Il a également déclaré que les coiffeurs étaient exposés à des conditions de sécurité « étonnamment dangereuses », notamment des douleurs chroniques causées par le fait d’être debout toute la journée et l’exposition à des produits chimiques, souvent sans disposer d’équipements de protection individuelle appropriés.

« Les personnes qui travaillent dans des industries dominées par les femmes ne devraient pas être censées travailler uniquement pour leur passion, elles méritent d’être respectées comme les autres métiers », a déclaré M. Walton.

Protéger la santé mentale des travailleurs

Mme Nelligan a déclaré qu’il était également temps que les salons commencent à donner la priorité à la santé mentale des employés.

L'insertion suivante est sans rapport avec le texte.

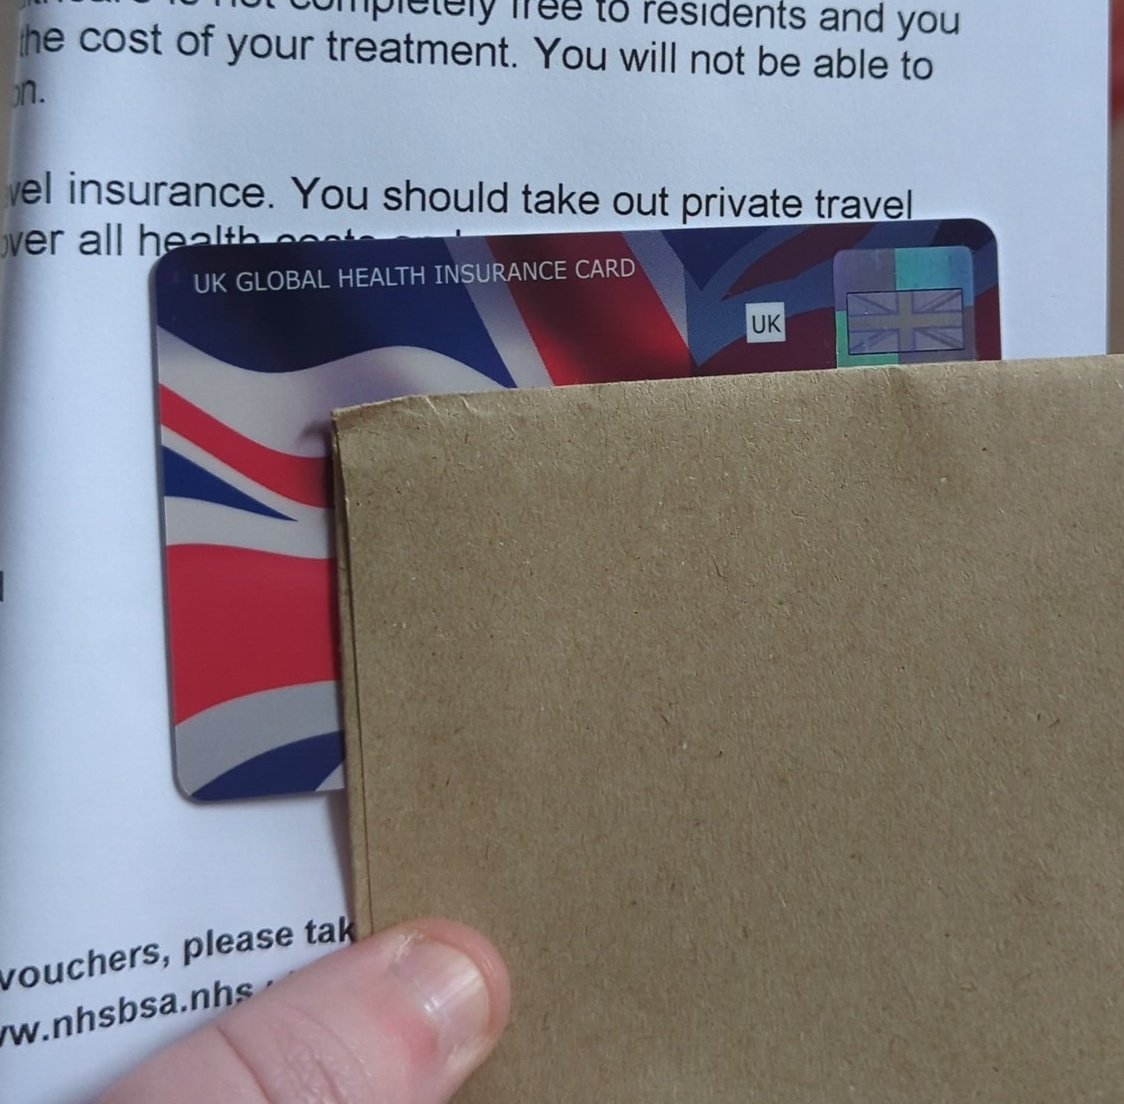 Realised my EHIC had run out so ordered a GHIC to replace it but what in the Brexit is this? 😭 Going to look a right gammon flouncing through Europe with this and the shitty blue passport when I renew that 🙄

« Je ne travaille pas le samedi, alors pourquoi devrais-je demander à mon équipe de le faire ? » elle a dit.

Considérer l’équilibre travail-vie personnelle

Le coiffeur Neve Russoniello en a assez après sept ans de travail dans les salons.

Elle a créé une entreprise depuis son domicile, où elle peut définir ses propres horaires.

« Vous ne réalisez pas les dommages que vous faites à votre corps », a-t-elle déclaré.

« Maintenant, je fais deux jours de 12 heures par semaine et je prends le lendemain pour récupérer. »

Mme Russoniello a déclaré qu’elle répondait également à une demande croissante de rendez-vous en dehors des heures normales de travail.

« Parfois, je commence à 7 heures du matin et je fais passer les gens avant qu’ils ne commencent à travailler », a-t-elle déclaré.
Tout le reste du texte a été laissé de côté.